He doesn’t have the ace.

Daniel held four eights, and had backed that fact with large stacks of money.

Mortimer thought he was bluffing. He’d been trying to convince Daniel that he’d drawn the straight, that he’d been given an ace from the young woman who dealt the cards at the head of the table.

The other gentlemen in the St. James’s gaming hell called the Nines had already folded in Mortimer’s favorite game of poker. They and the rest of the hell now lingered to see the battle of wits between twenty-four-year-old Daniel Mackenzie and Fenton Mortimer, ten years older than Daniel and a hardened gambler. So much cigar smoke hung in the air that any consumptive who’d dared walk in the door would have fallen dead on the spot.

The game of choice at this hell was whist, but Mortimer had recently introduced the American game of poker, which he’d learned during a yearlong stint in that country. Mortimer was very good at it, quickly relieving young Mayfair aristos of thousands of pounds. And still they came to him, eager to learn the game and try to beat him.

Ten gentlemen had started this round, dropping out one by one until only Daniel and Mortimer remained.

Daniel kept his cards facedown on the table so the nosy club fodder couldn’t telegraph his hand to Mortimer. He gathered up more of his paper bills and dropped them in front of his cards. “See you, and raise two hundred.”

Mortimer went slightly green but slid his money opposite Daniel’s, his fingers shaking a little. Daniel picked up another pile of notes and laid them on the already substantial stack.

“Raise you again,” Daniel said. “Can you cover?”

“I can.” Mortimer didn’t dig out any more notes or coin, but he obviously hoped he wouldn’t have to.

“Sure about that?”

Mortimer’s eyes narrowed. “What do you take me for? I can cover the bet. If you’d like to question my honor in a private room, I will be happy to answer.”

Daniel refrained from rolling his eyes. “Calm yourself, lad,” he said, making his Highland accent broad. He lifted a cigar from the holder beside him and sucked smoke into his mouth. “I believe you. What have you got?”

“Show yours first.”

Daniel picked up his cards and flipped them over with a nonchalant flick of his wrist. Four eights, one ace.

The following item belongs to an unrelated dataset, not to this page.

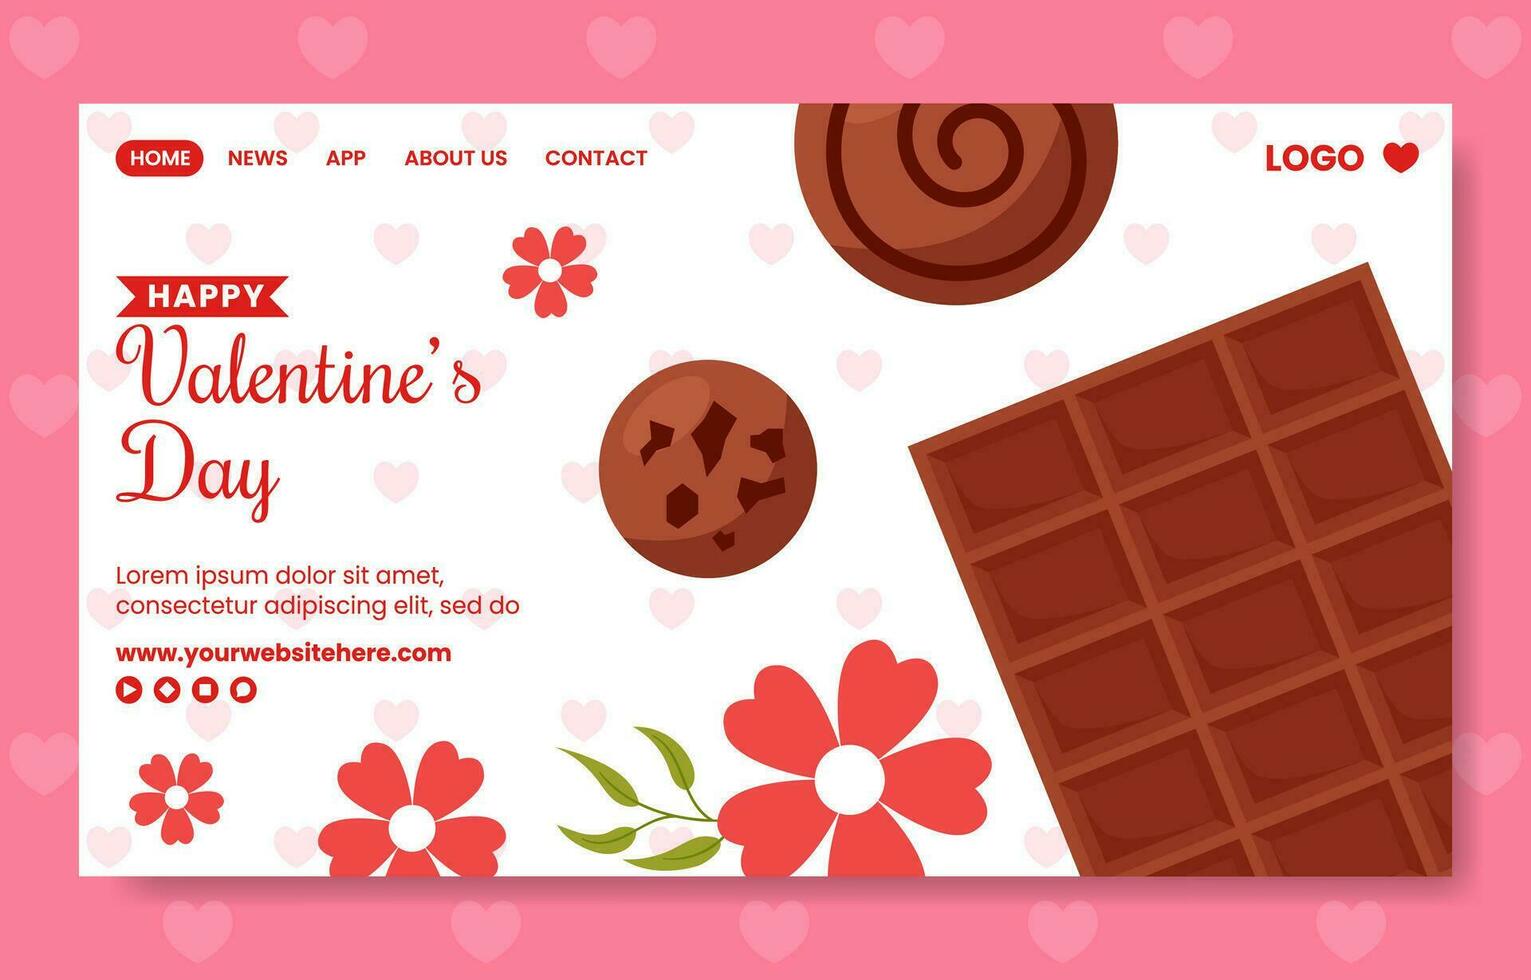 Happy Valentine's Day Social Media Landing Page Cartoon Templates Background Illustration vector

The men around him let out a collective groan, the lady dealer smiled at Daniel, and Mortimer went chalk white.

“Bloody hell. I didn’t think you had it.” Mortimer’s own cards fell faceup—a ten, jack, queen, seven, and three.

Daniel raked in his money and winked at the dealer. She really was lovely. “You can write me a vowel for the rest, Mortimer.”

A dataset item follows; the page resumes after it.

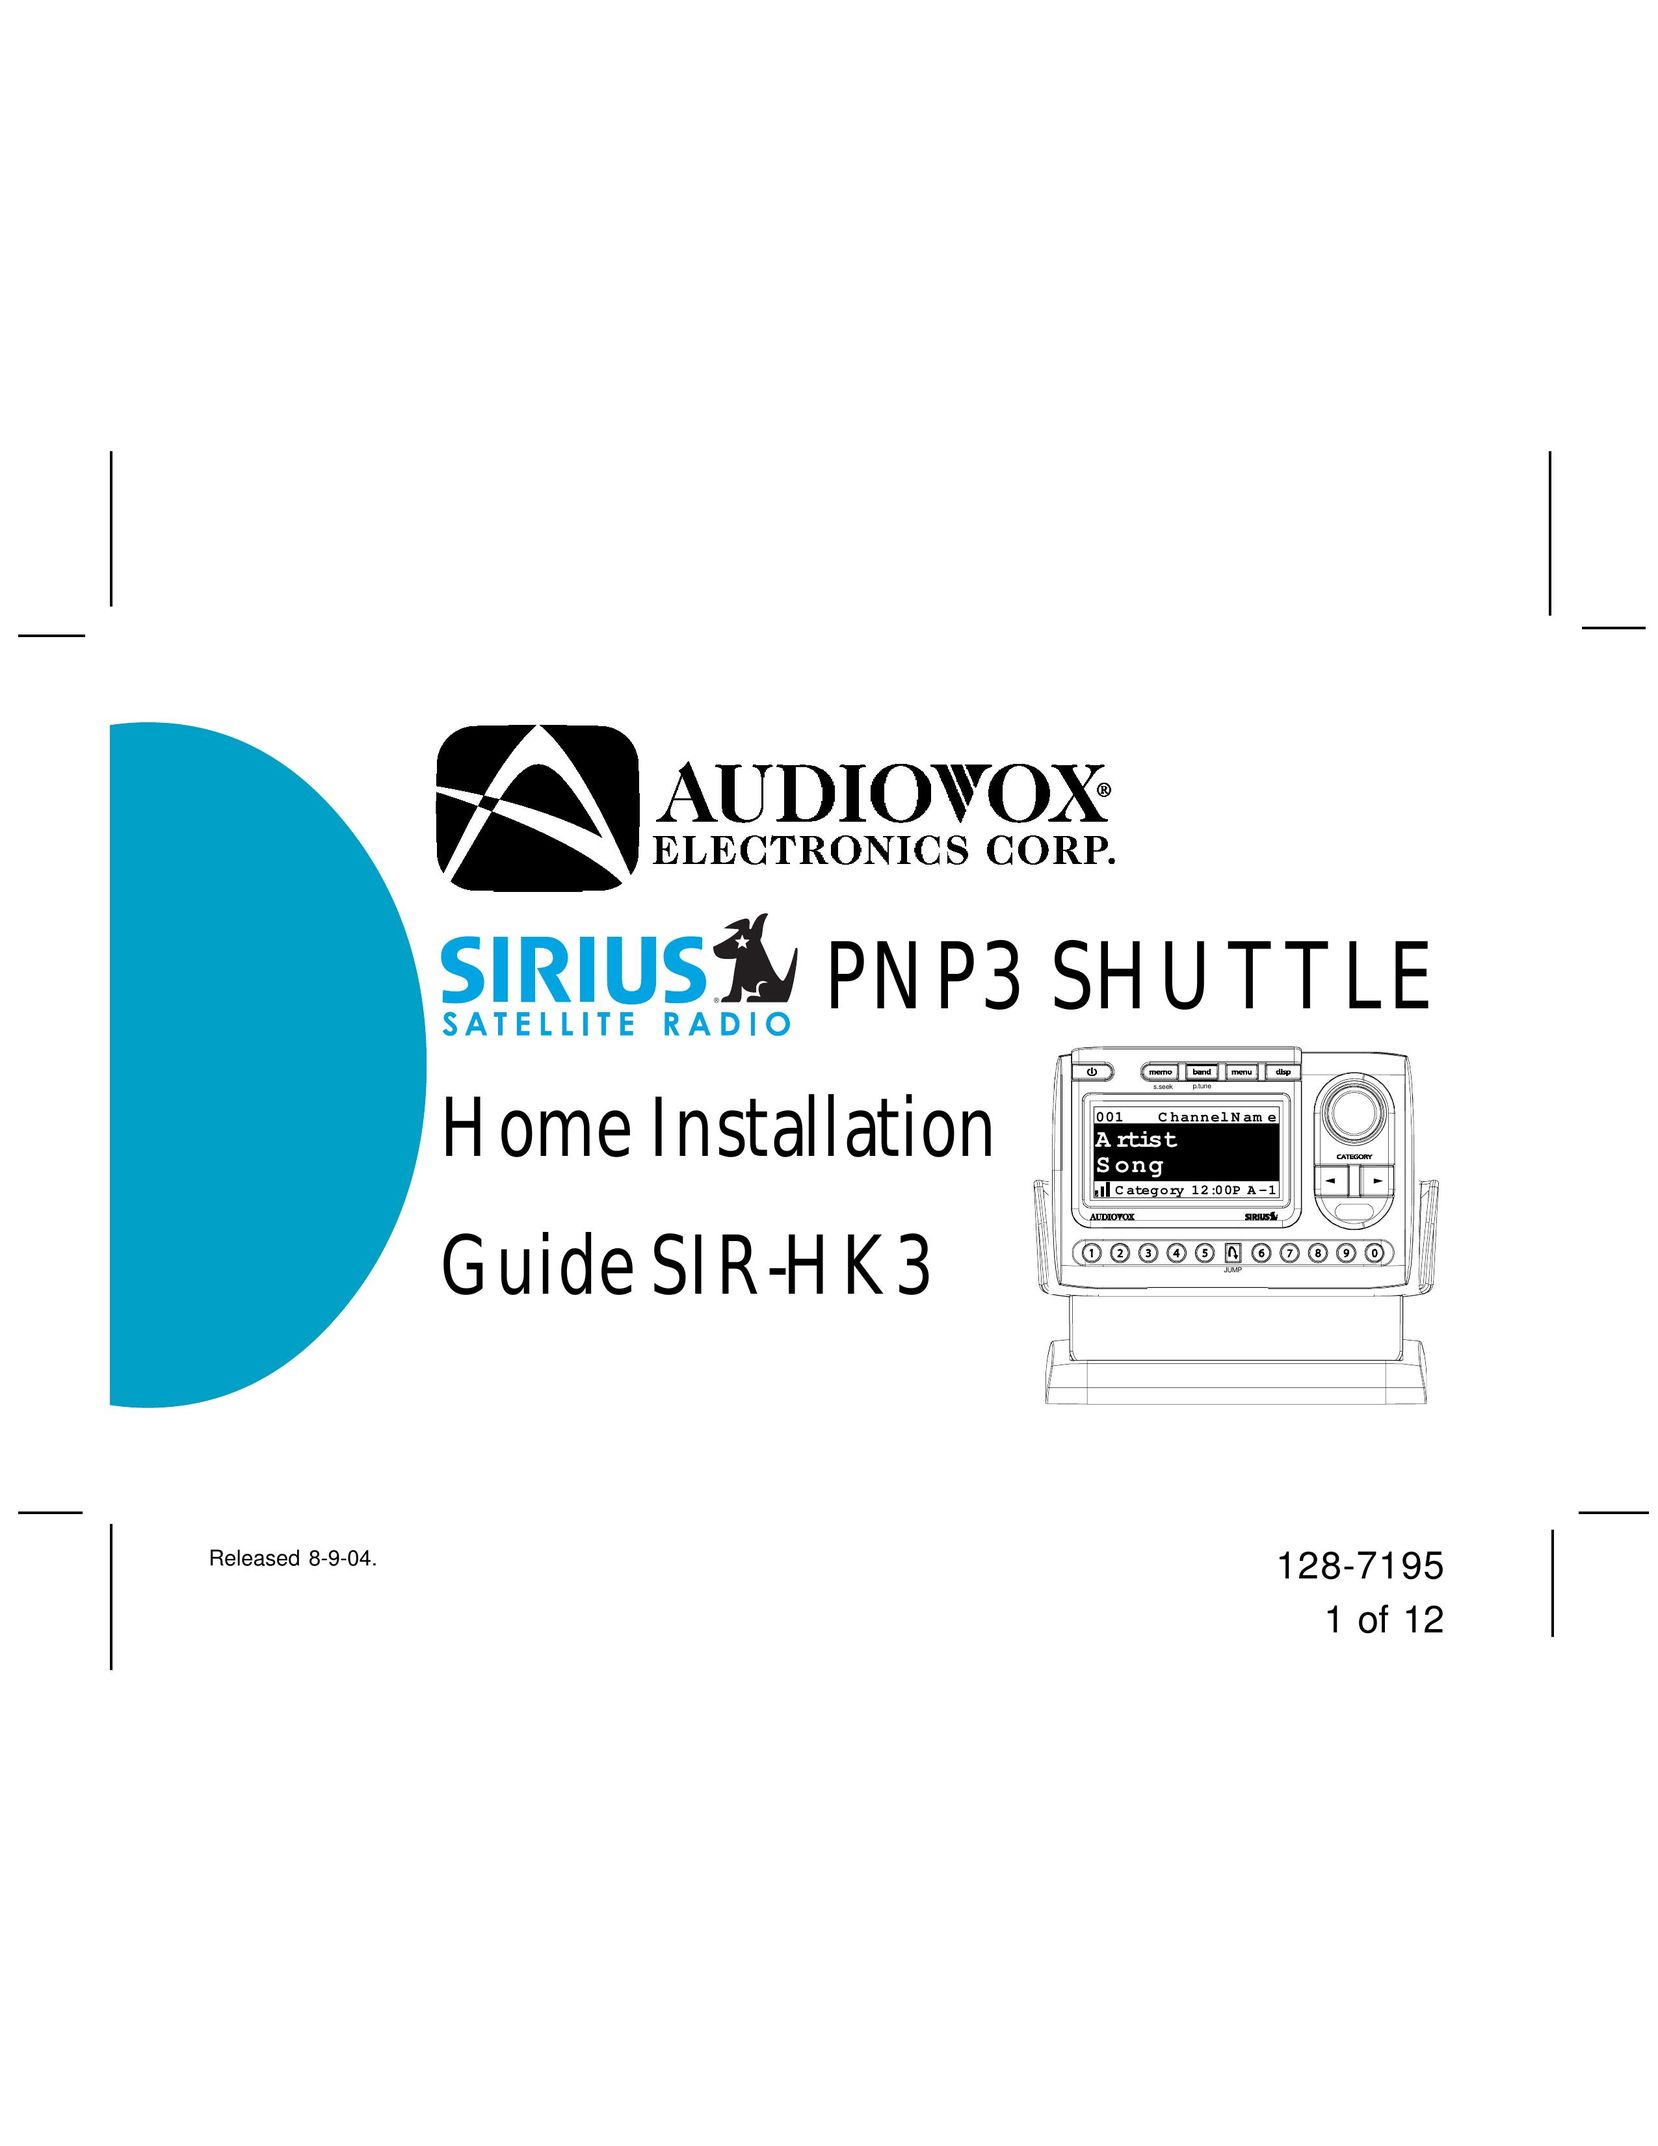 Audiovox SIR-HK3 Satellite Radio User Manual

Mortimer wet his lips. “Now, Mackenzie…”

He couldn’t cover the bet. What idiot wagered the last of his cash when he didn’t have a winning hand? Mortimer should have taken his loss several rounds ago and walked away.

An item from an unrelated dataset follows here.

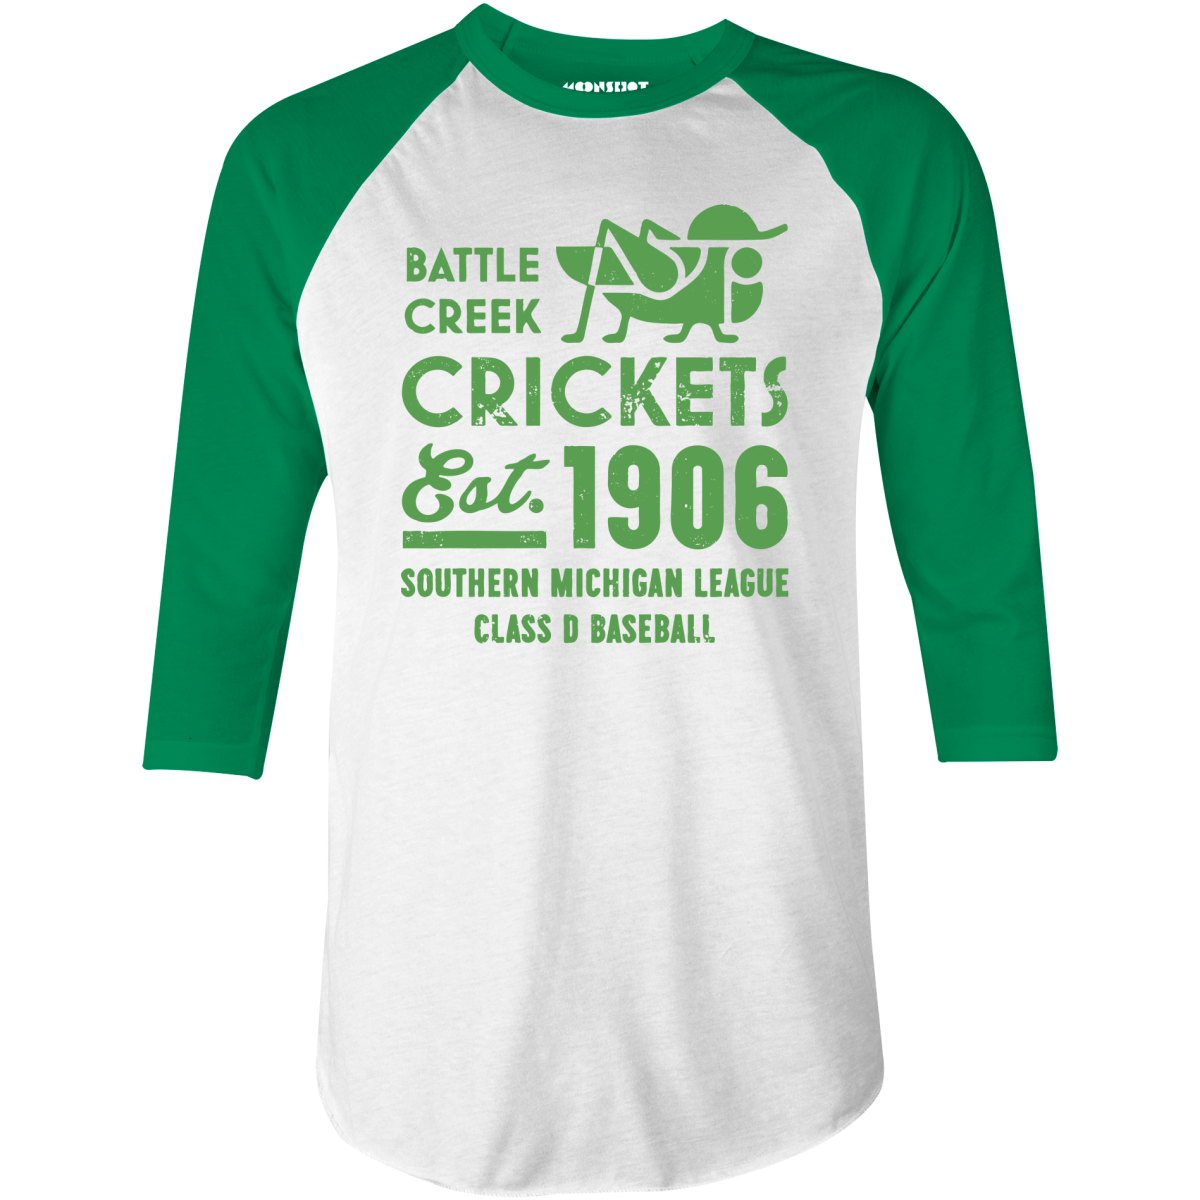 Battle Creek Crickets - Michigan - Vintage Defunct Baseball Teams - 3/4 Sleeve Raglan T-Shirt

But no, Mortimer had convinced himself he was expert at the bluffing part of the game, and would con the naive young Scotsman who’d unashamedly walked in here tonight in his kilt.

A hard-faced man on the other side of the room sent Mortimer a grim look. Daniel guessed that the ruffian had lent Mortimer cash for this night’s play and wasn’t pleased that he’d just lost it all.

“Never mind,” Daniel said. “Keep what you owe as a token of appreciation for a night of good play.”

Mortimer scowled. “I pay my debts, Mackenzie.”

Daniel glanced at the bone-breaker and lowered his voice. “You’ll pay more than that if ye don’t beat a hasty retreat, I’m thinking. How much do ye owe him?”

Mortimer’s eyes went cold. “None of your business.”

Daniel shrugged. “I don’t wish to see a man have his face removed just because I was lucky at cards. What do ye owe him? I’ll give ye that back. Ye can owe
me
.”

“Be beholden to a Mackenzie?” Mortimer’s outrage rang from him.

Daniel filled his pockets with his winnings and took his greatcoat from the lady dealer. She ran her hand suggestively across Daniel’s shoulders as she helped him into it, and Daniel tucked a banknote into her bodice.

“Aye, well.” Daniel took his hat from the lady who gave him an even warmer smile. “Hope you can find tuppence for the ferryman at your funeral. Good night, man.”

He turned to leave and found Mortimer’s friends standing in front of him.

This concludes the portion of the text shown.